# Links In Signature, How Do You Do It?



## Beaner (May 3, 2007)

how do i make links in my signature to my grow logs? i don't just want to paste the url i want it to say one thing and bring you there ya know? whats the extra code crap?


----------



## Beaner (May 5, 2007)

cmon guys, like half of you have links to your threads in your signature, i know you know how, just let me in on the secret, i won't tell anyone i swear...


----------



## Beaner (May 8, 2007)

bump........


----------



## SamTheMan (May 8, 2007)

ok I think this is what you want...

Real Easy Way

copy the url of the page you want to link to and paste the url in your sig. It will automatically rename itself to the title of the thread(ex.My grow log instead of rollitup.org/journal/mygrowlog.html)

Easy way

copy the url of the page you want to link to.
Ex.w w w .Google . c o m (without the spaces)
next in the edit signature text box, write what you want the link to say
Ex.
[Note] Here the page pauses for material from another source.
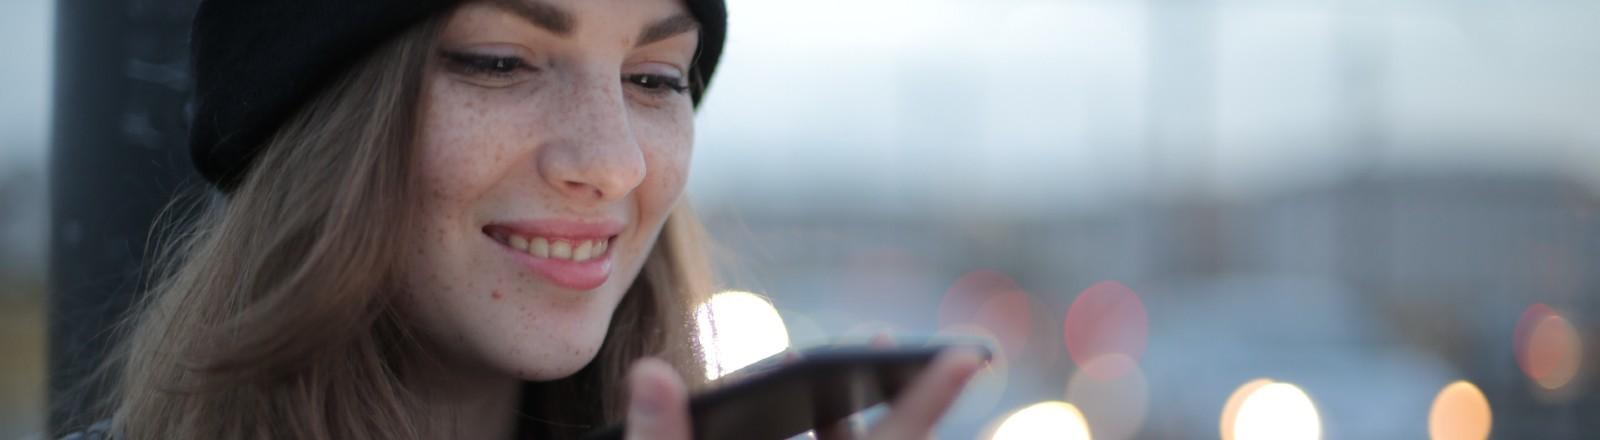 Frau spricht in Smartphone

Google
then highlight the text you wrote(google) and hit the hyperlink button.(it looks like earth with a paperclip)
A window will pop up, paste your url here(Google)
hit OK and you should be good to go.
Google


----------



## BIGMIKE13 (May 8, 2007)

beaner is your link one on this site ?

if so find the under lined link .....copy and paste this in your edit signature,under my roll it up


----------



## Beaner (May 8, 2007)

Thanks so much mike!!! I knew somebody knew how!!!!


----------



## potroastV2 (May 8, 2007)

sorry beaner you got lost in the shuffle you type [ u r l ] address here [ /u r l]
remove spaces
http://rollitup.org/


----------



## moxtox (Jul 7, 2007)

roll

didaojdflsadjf


----------